- [Data segment]:
━━━━━━━━━━

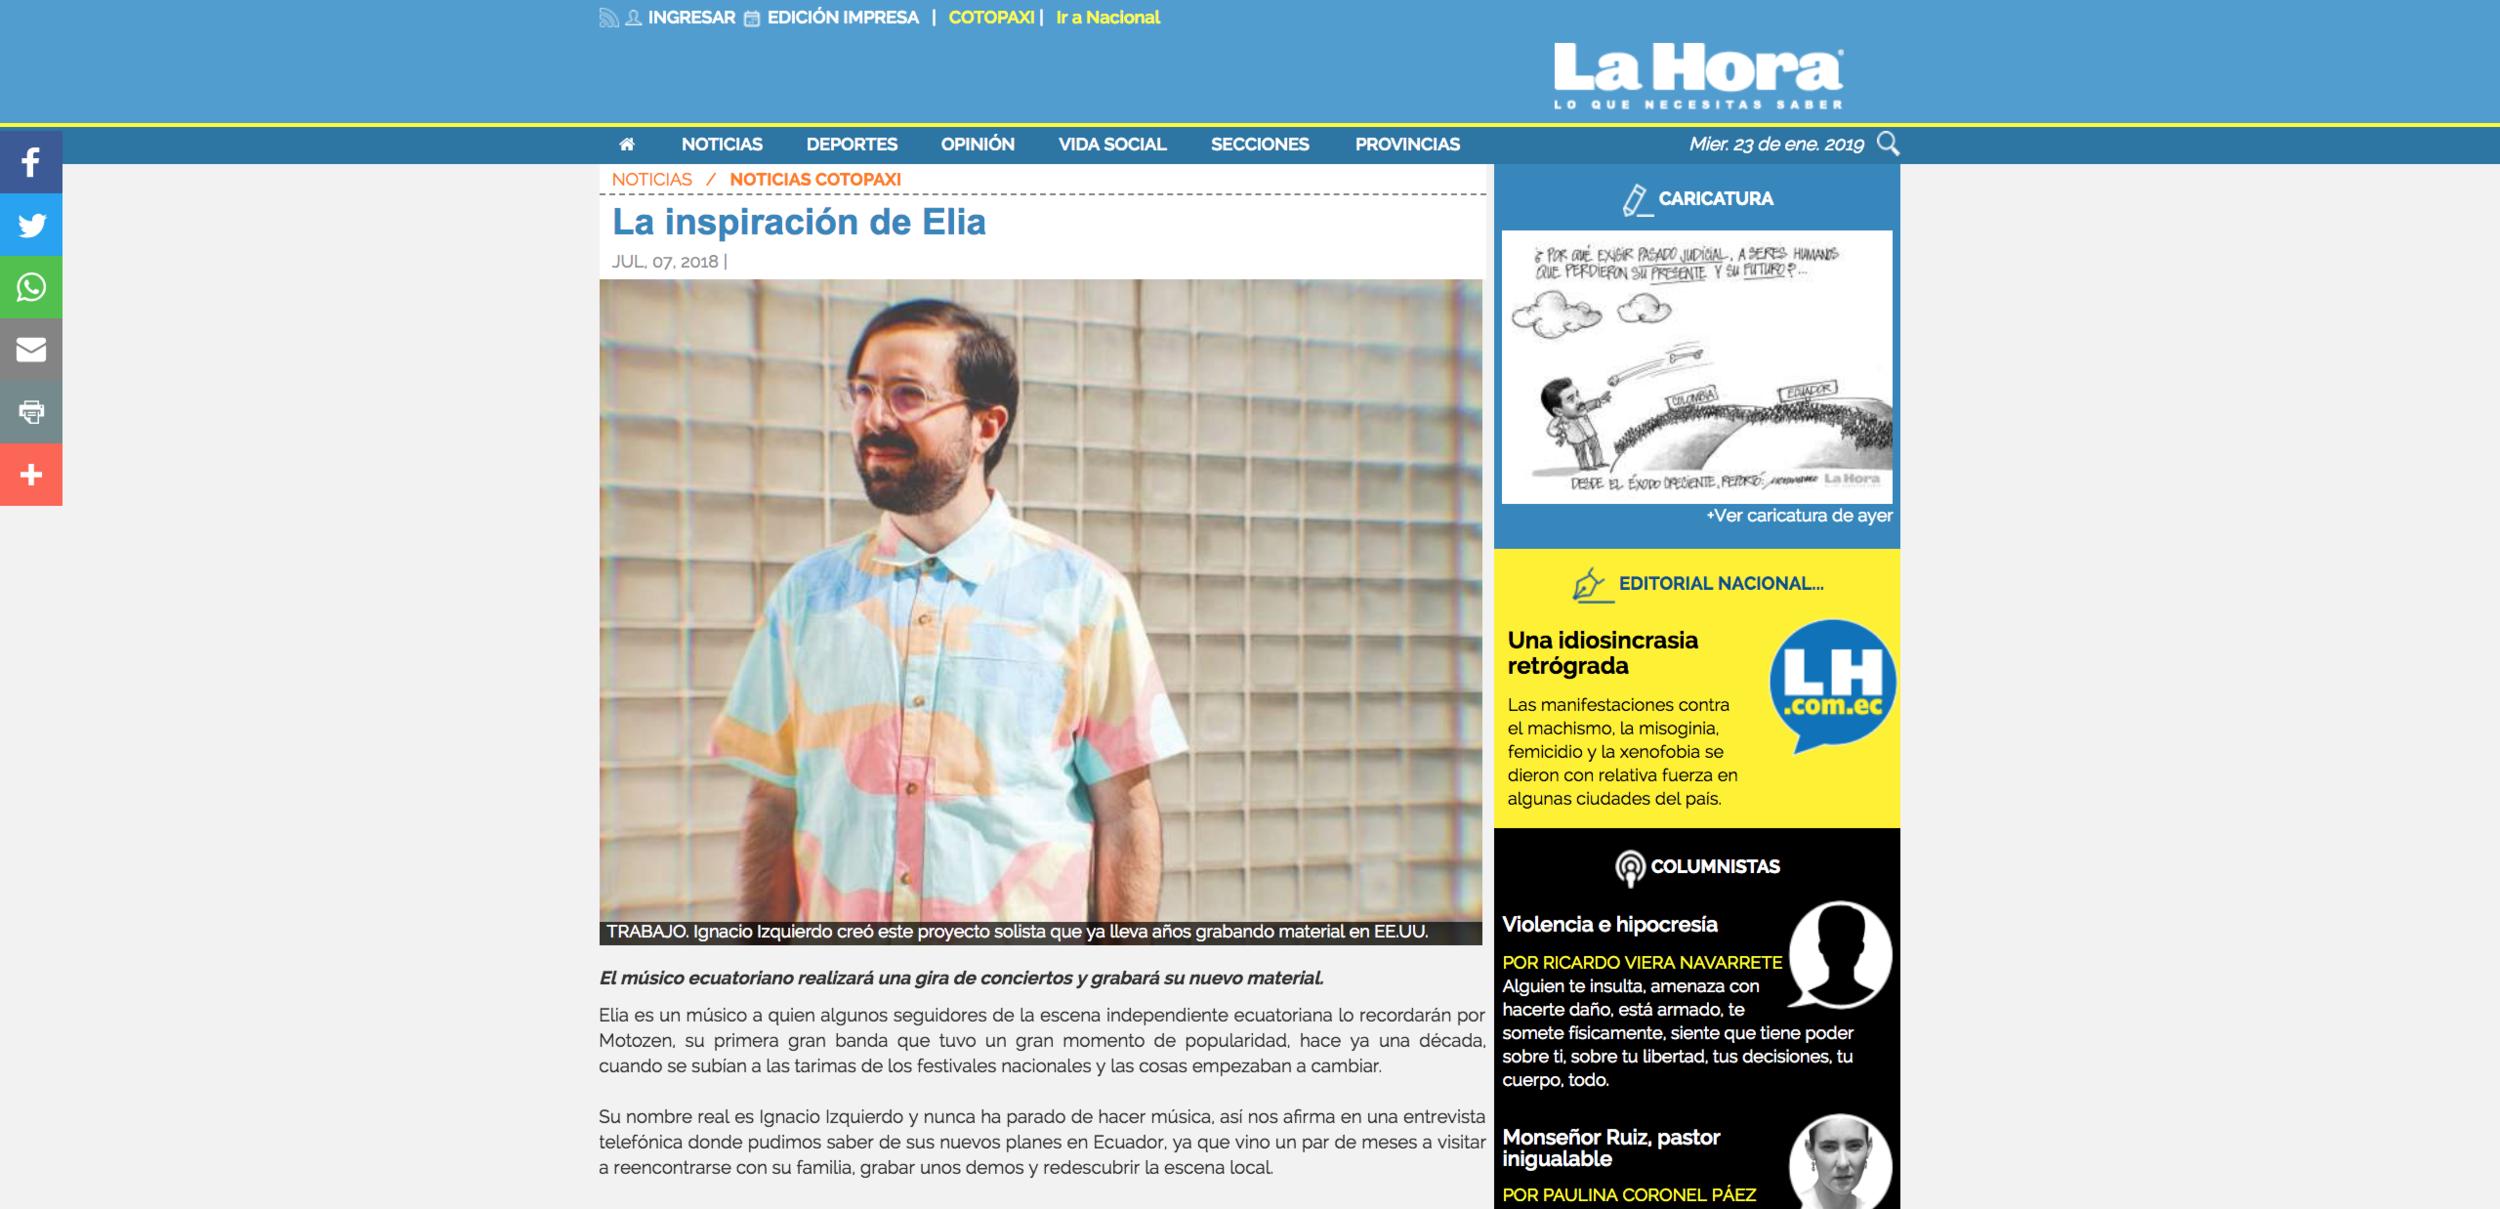 """la hora - """"Elia es un músico a quien algunos seguidores de la escena independiente ecuatoriana lo recordarán por Motozen, su primera gran banda que tuvo un gran momento de popularidad, hace ya una década, cuando se subían a las tarimas de los festivales nacionales y las cosas empezaban a cambiar."""""""
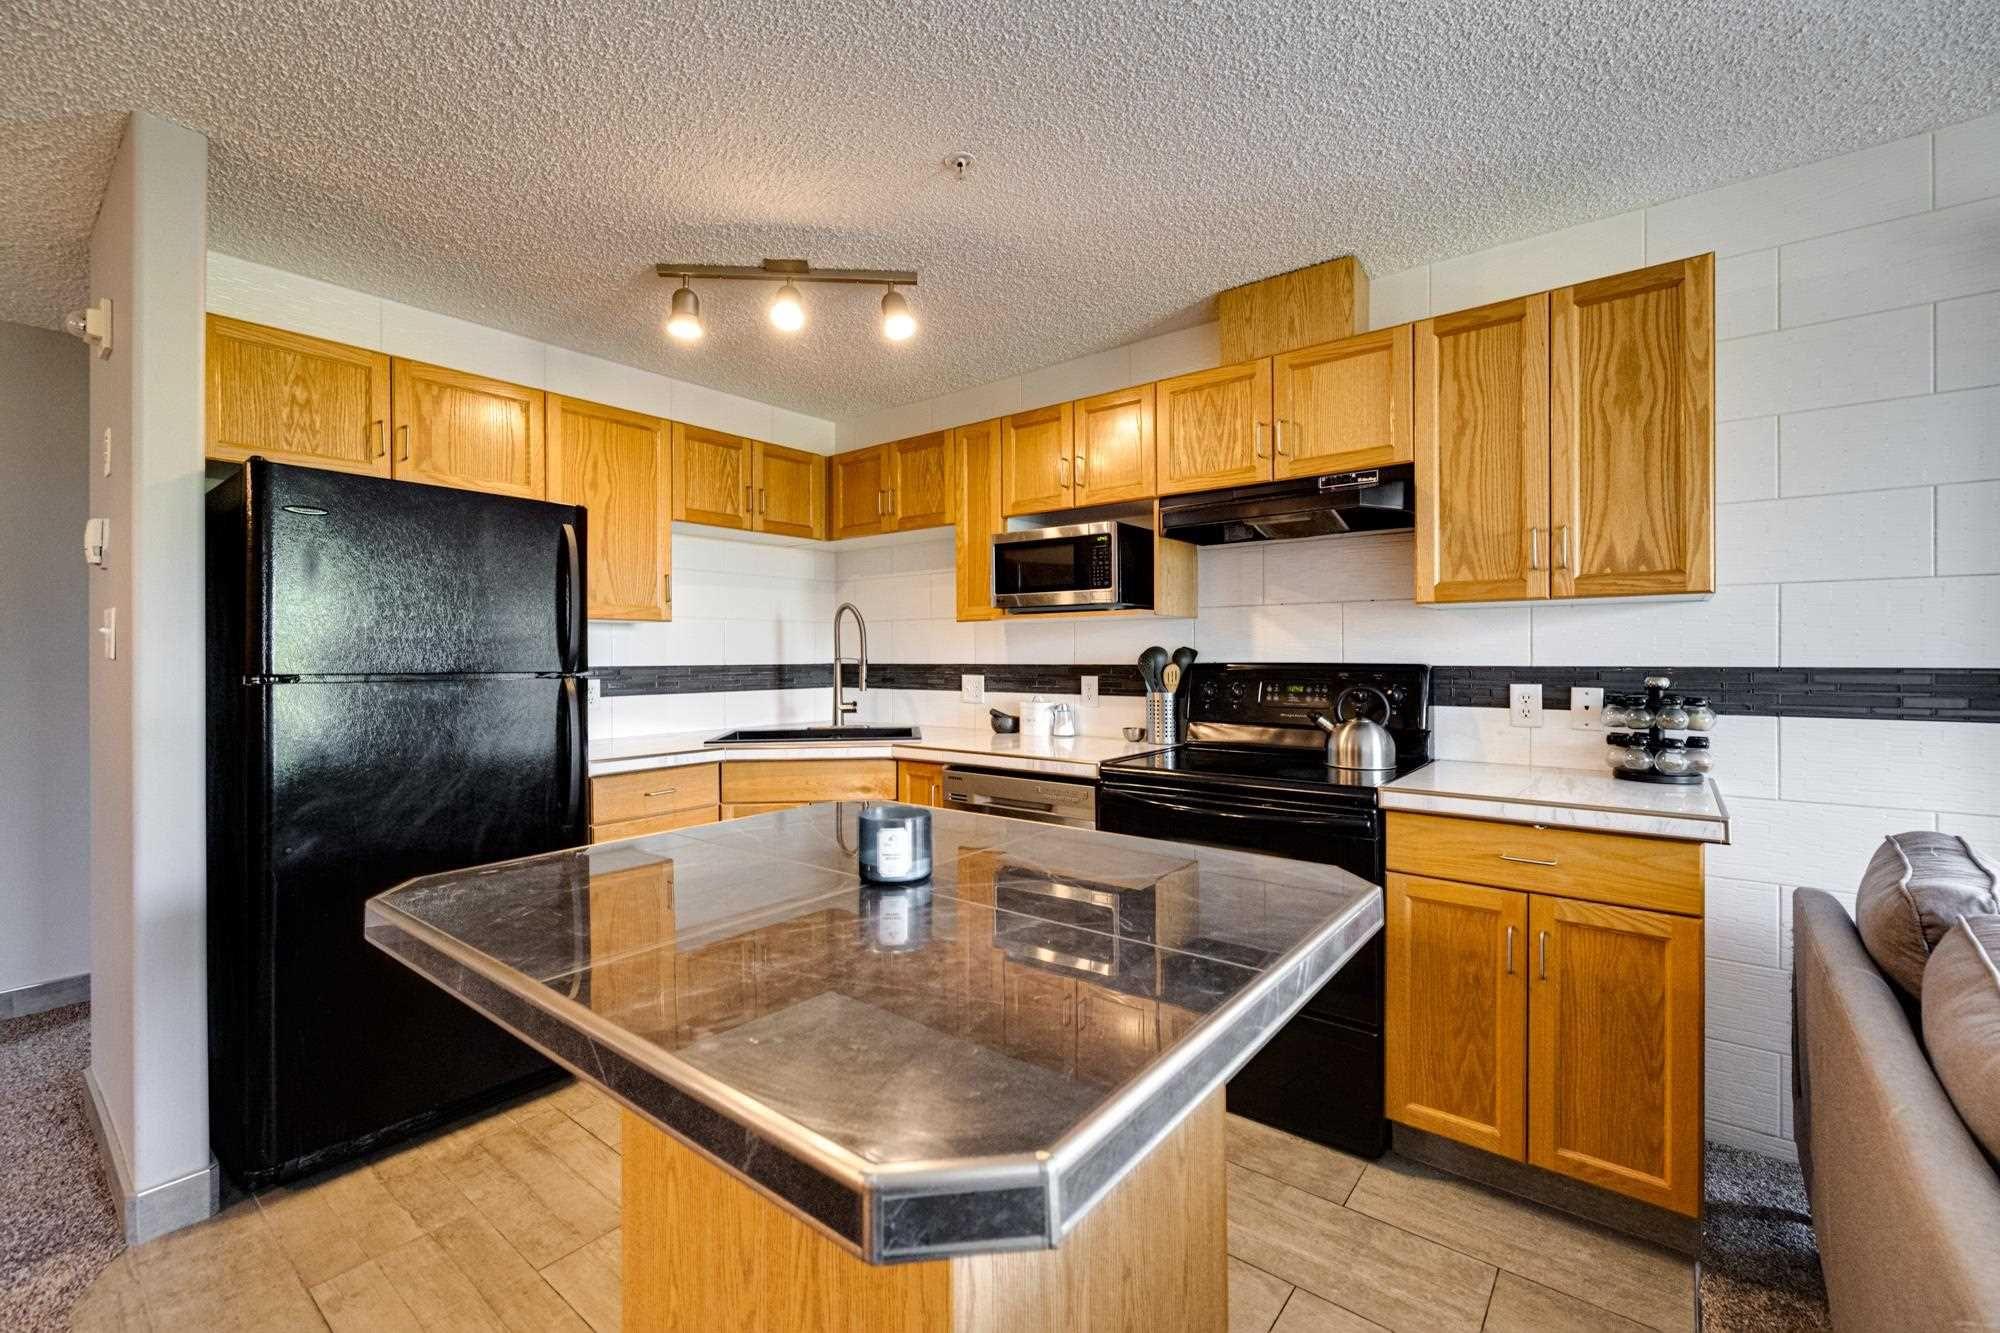 Main Photo: 425 11325 83 Street in Edmonton: Zone 05 Condo for sale : MLS®# E4247636
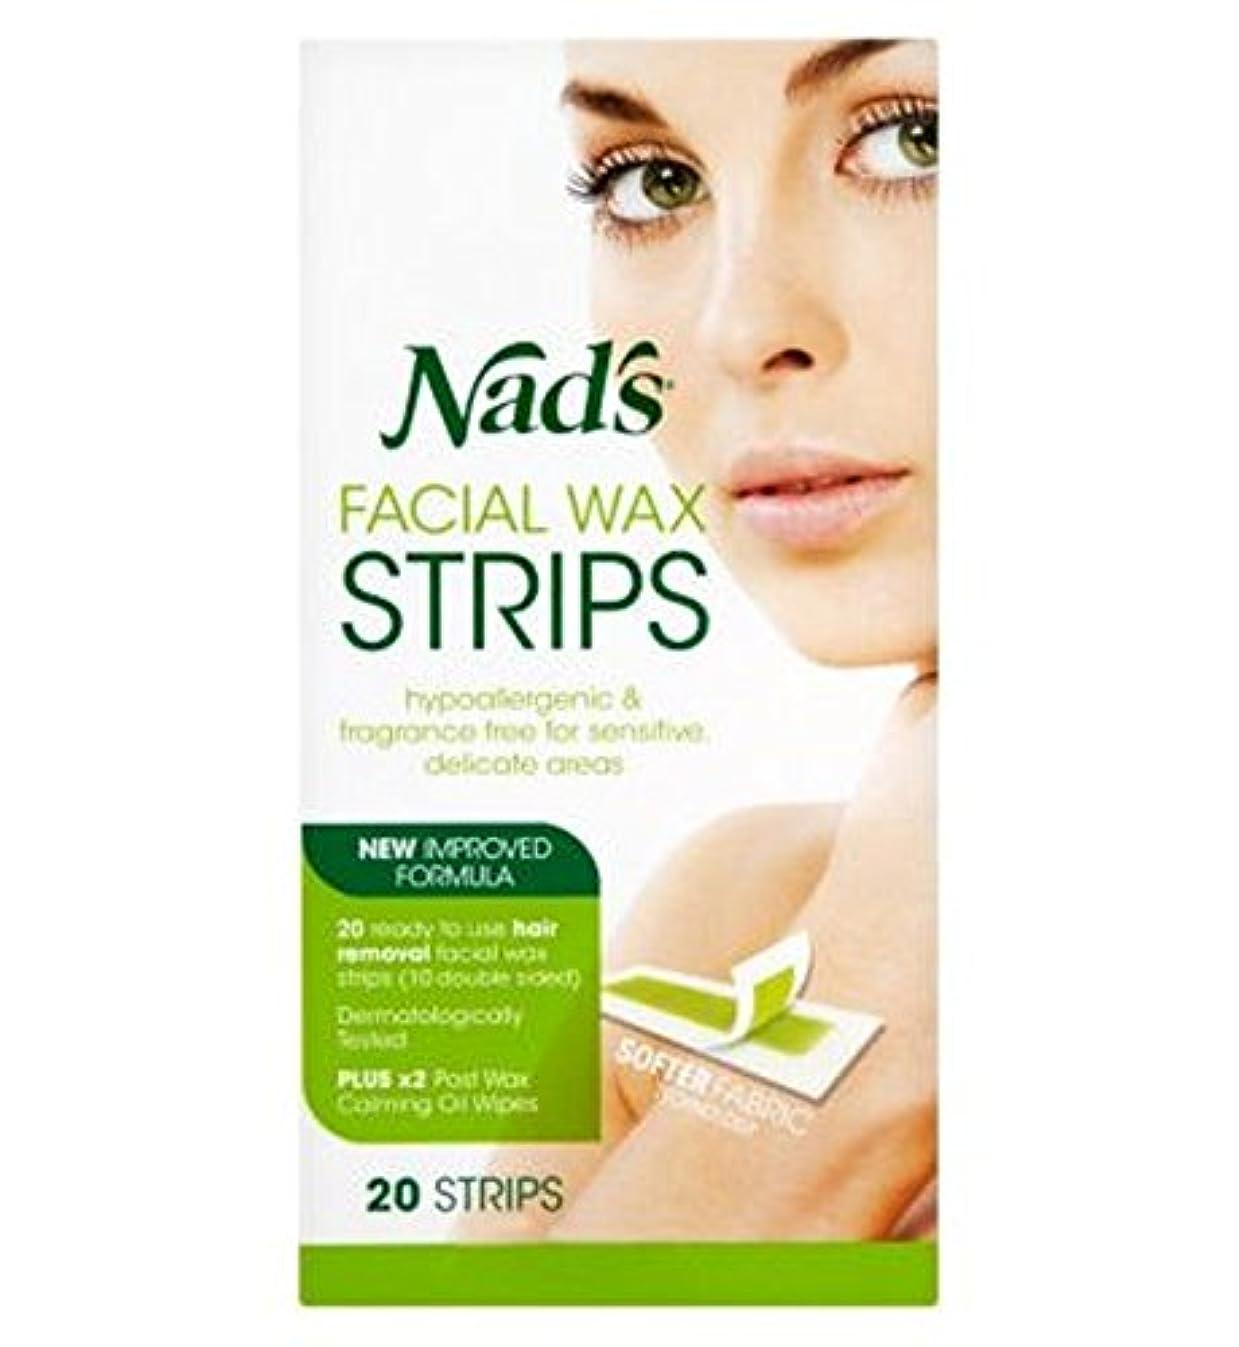 マントル一生紳士Nad's Facial Wax Strips 20s - Nadの顔のワックスストリップ20代 (Nad's) [並行輸入品]

━━━━━━━━━━

- [Exercise brief]: Output the material above exactly, without pictures.

- [Answer]:
 """la hora - """"Elia es un músico a quien algunos seguidores de la escena independiente ecuatoriana lo recordarán por Motozen, su primera gran banda que tuvo un gran momento de popularidad, hace ya una década, cuando se subían a las tarimas de los festivales nacionales y las cosas empezaban a cambiar."""""""
 Main Photo: 425 11325 83 Street in Edmonton: Zone 05 Condo for sale : MLS®# E4247636
 マントル一生紳士Nad's Facial Wax Strips 20s - Nadの顔のワックスストリップ20代 (Nad's) [並行輸入品]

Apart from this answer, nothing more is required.